> **WORK INSTRUCTIONS**
Transcribe the lines below verbatim, skipping the images.
---- GIVEN DATA
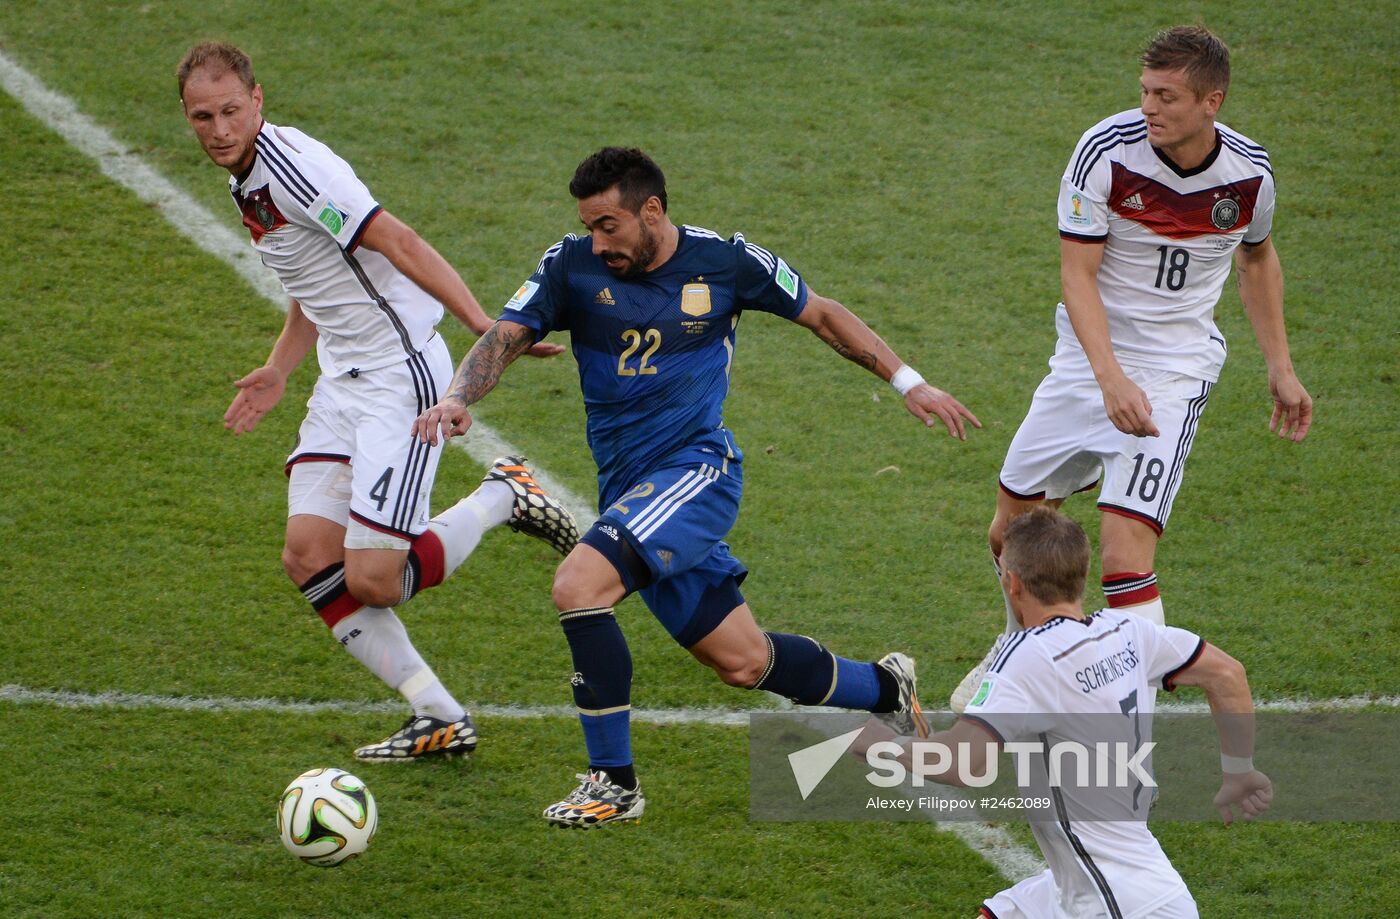 2014 FIFA World Cup Final. Germany vs. Argentina
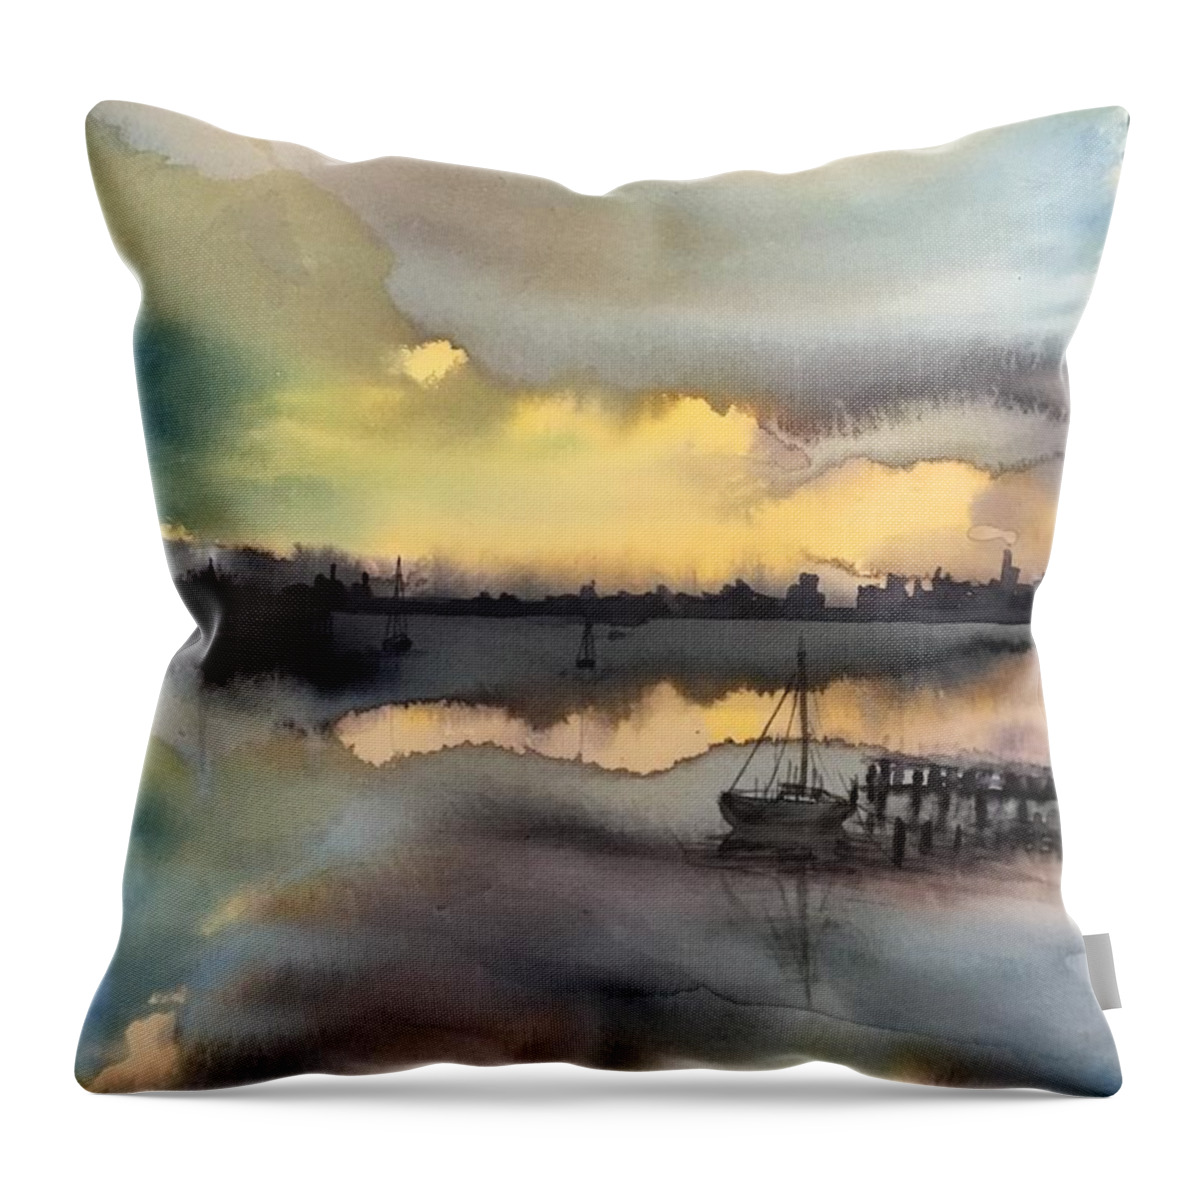 The Sunset Throw Pillow featuring the painting The sunset by Han in Huang wong
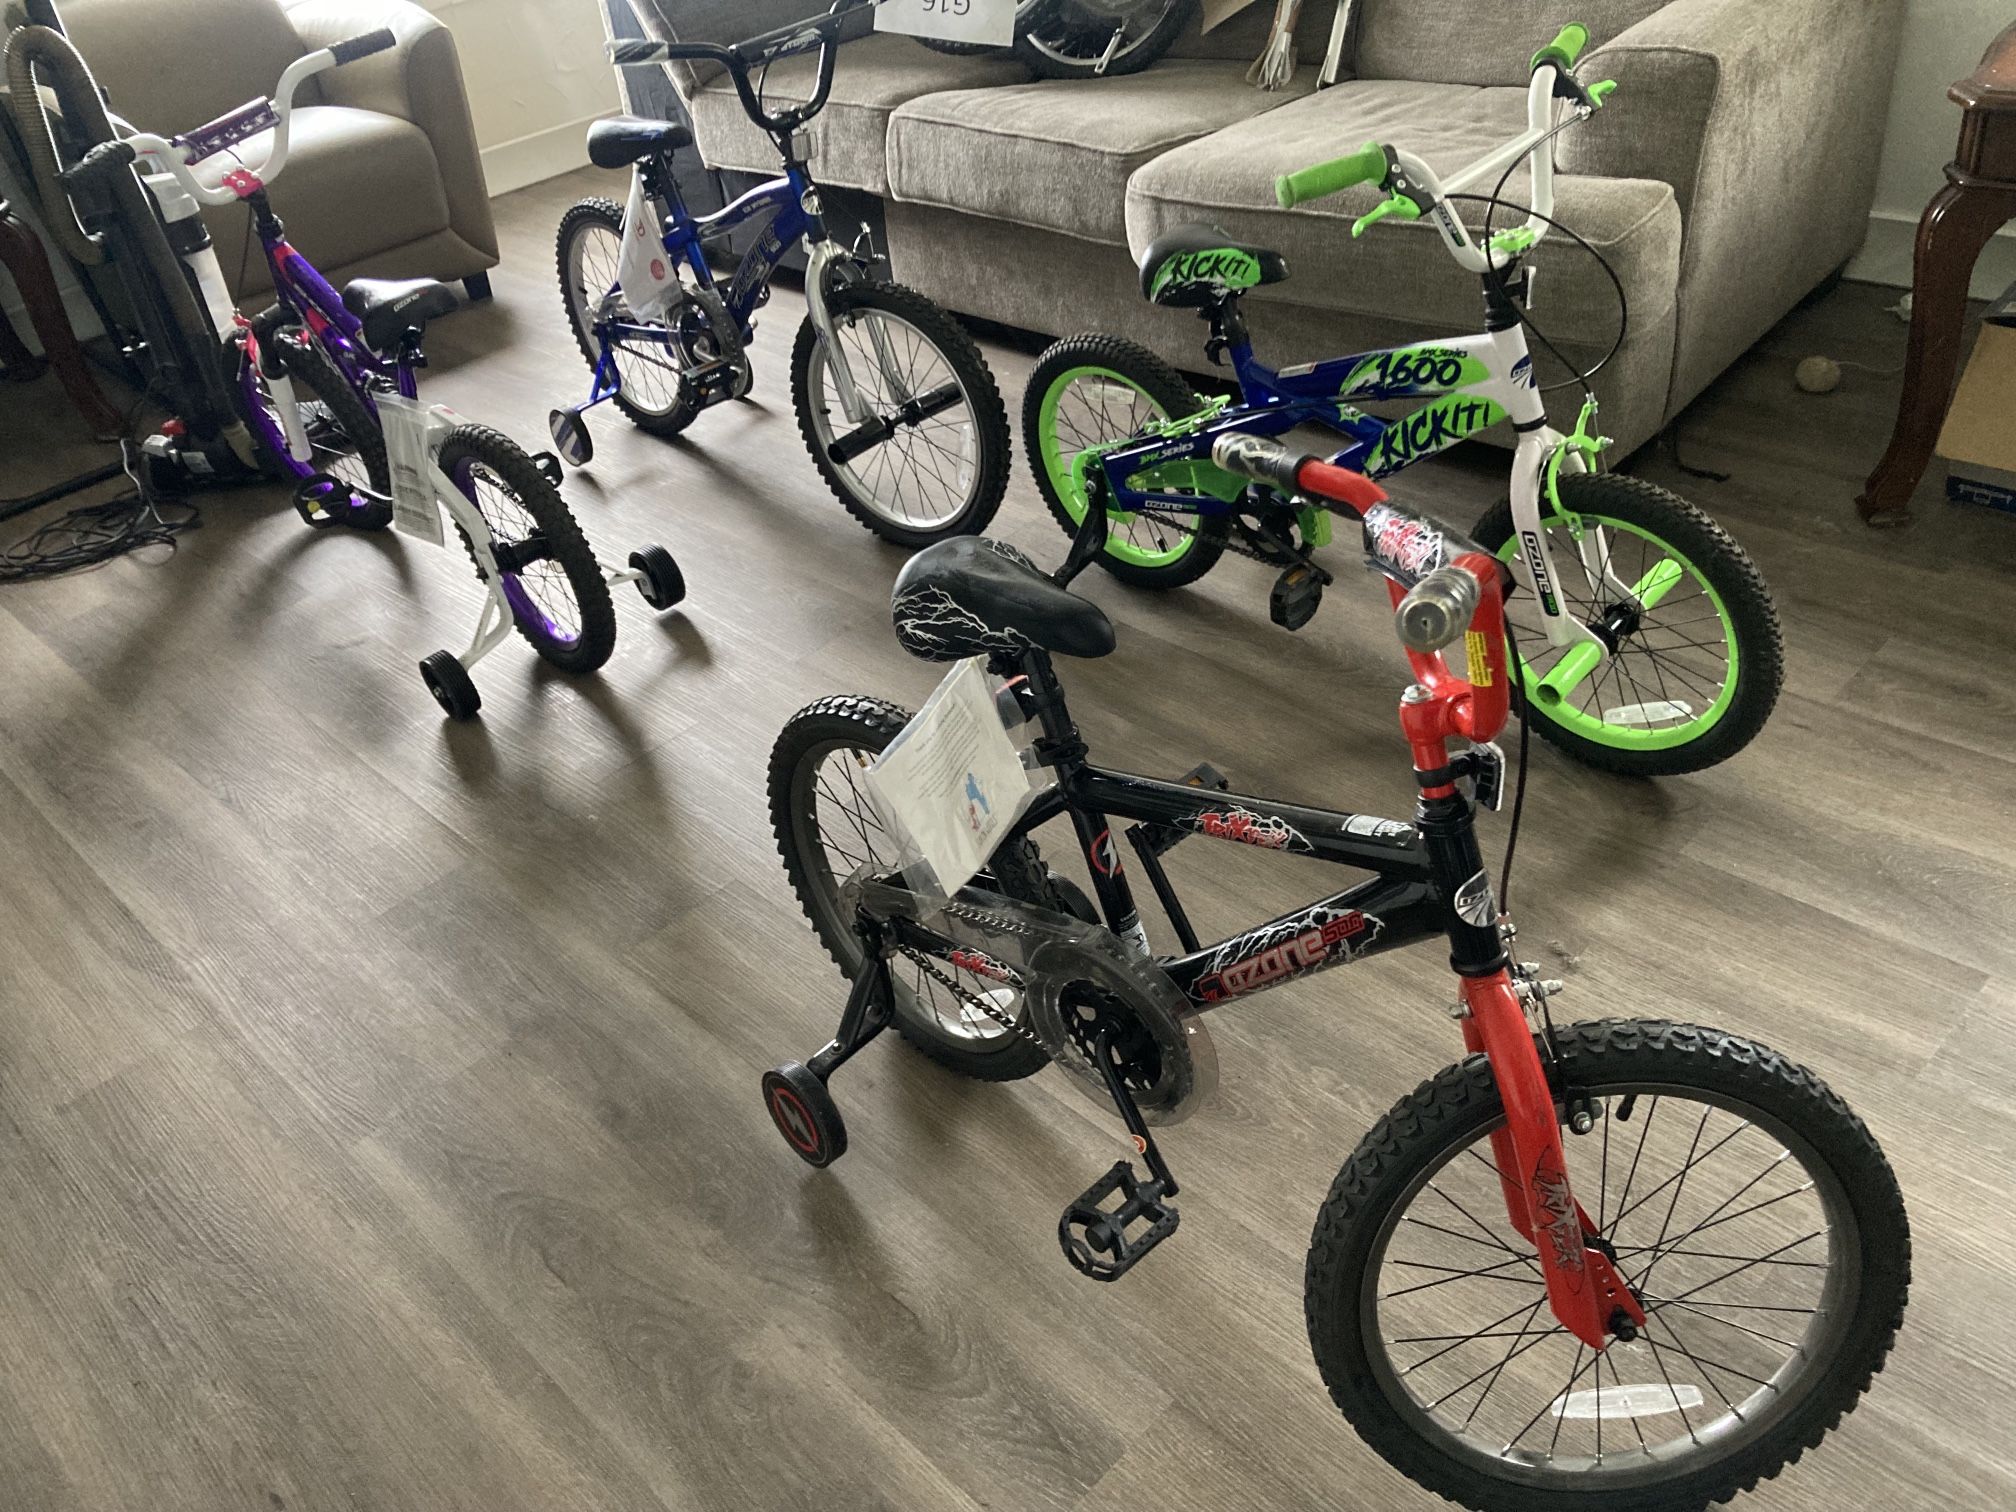 All Little Kids Bikes Start At 75$ If The Photo No longer There It’s Been Sold🤷🏽‍♂️
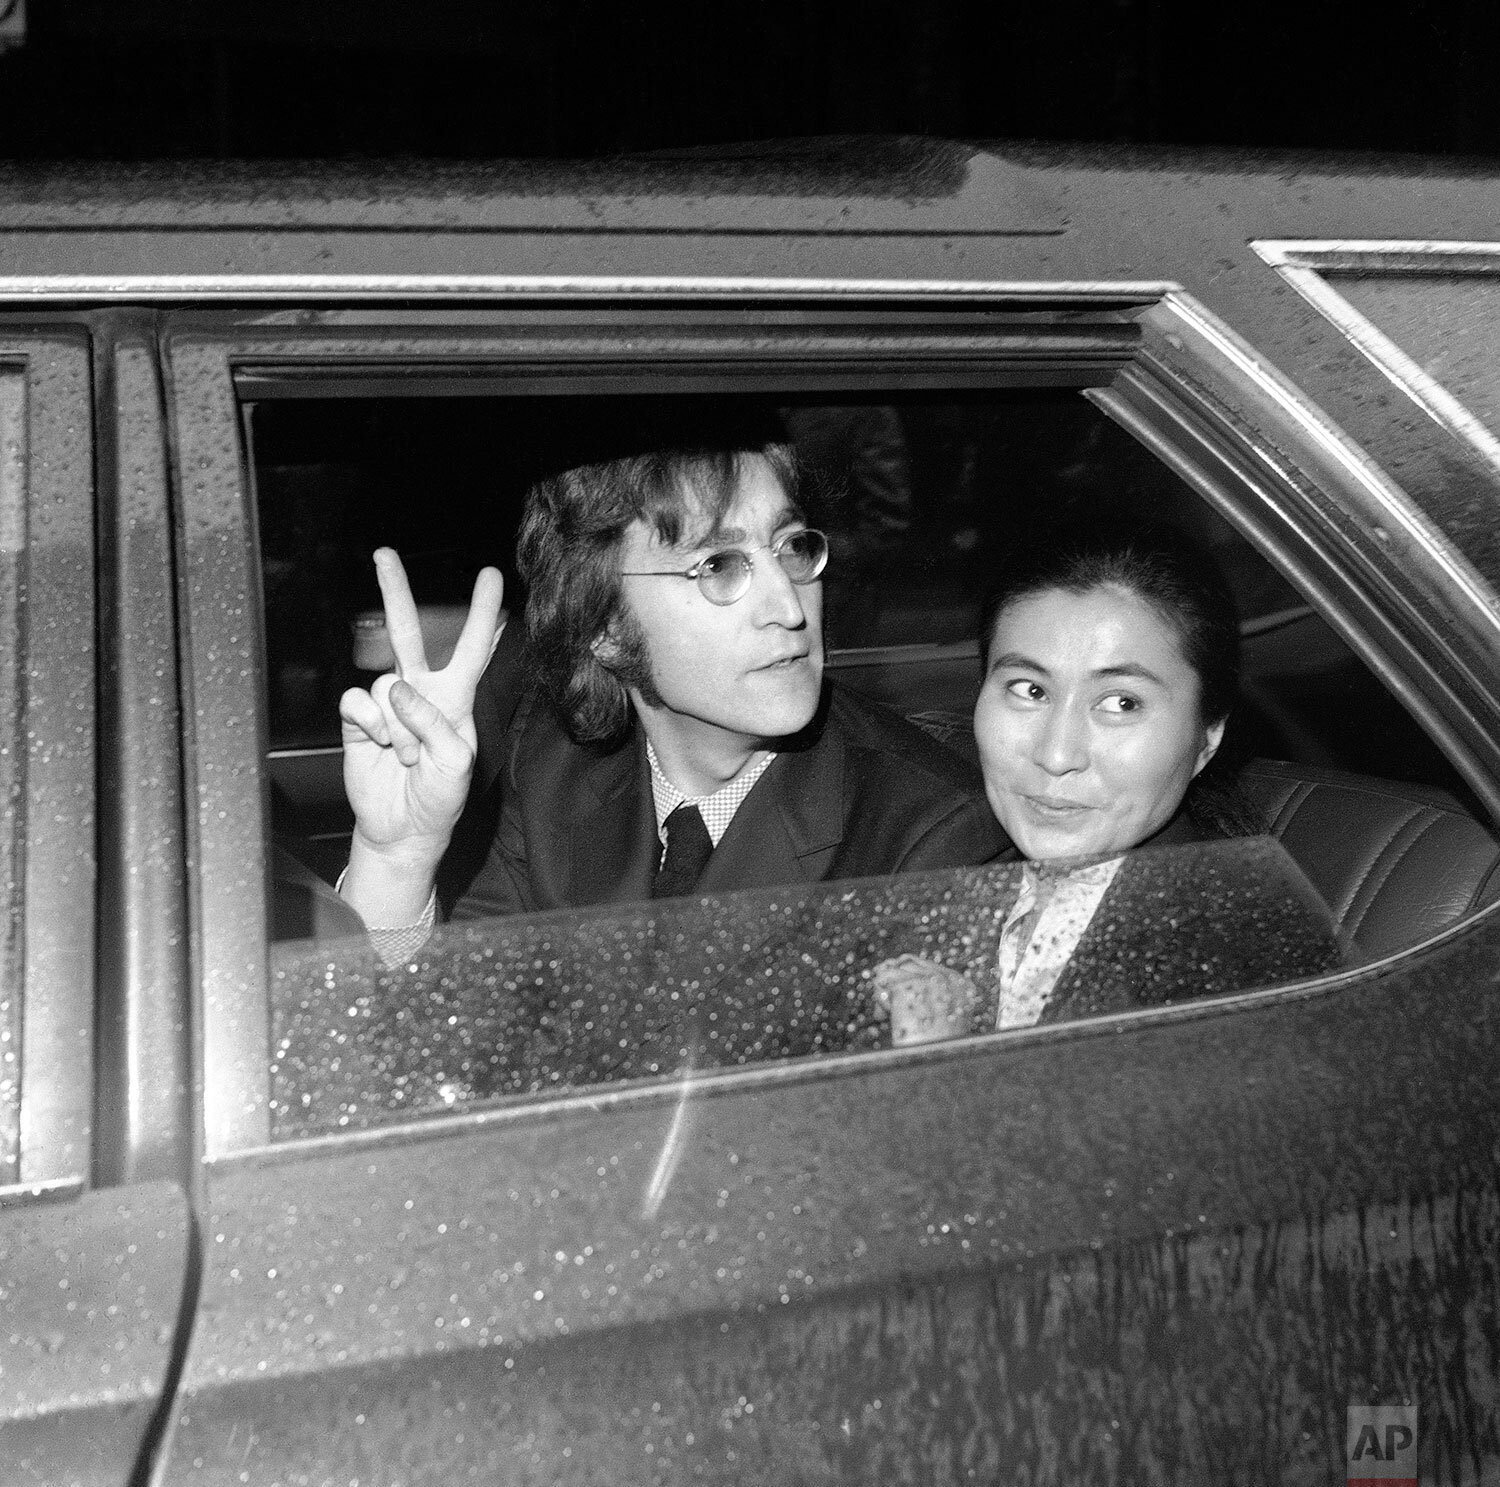  Former Beatle John Lennon, left, and his wife Yoko Ono, leave the Immigration and Naturalization Service, at 20 West Broadway, March 16, 1972, New York. His case was postponed and comes up in April. (AP Photo/Anthony Camerano)
--------
> **EXPECTED ANSWER**
 2014 FIFA World Cup Final. Germany vs. Argentina
 The Sunset Throw Pillow featuring the painting The sunset by Han in Huang wong
 All Little Kids Bikes Start At 75$ If The Photo No longer There It’s Been Sold🤷🏽‍♂️
  Former Beatle John Lennon, left, and his wife Yoko Ono, leave the Immigration and Naturalization Service, at 20 West Broadway, March 16, 1972, New York. His case was postponed and comes up in April. (AP Photo/Anthony Camerano)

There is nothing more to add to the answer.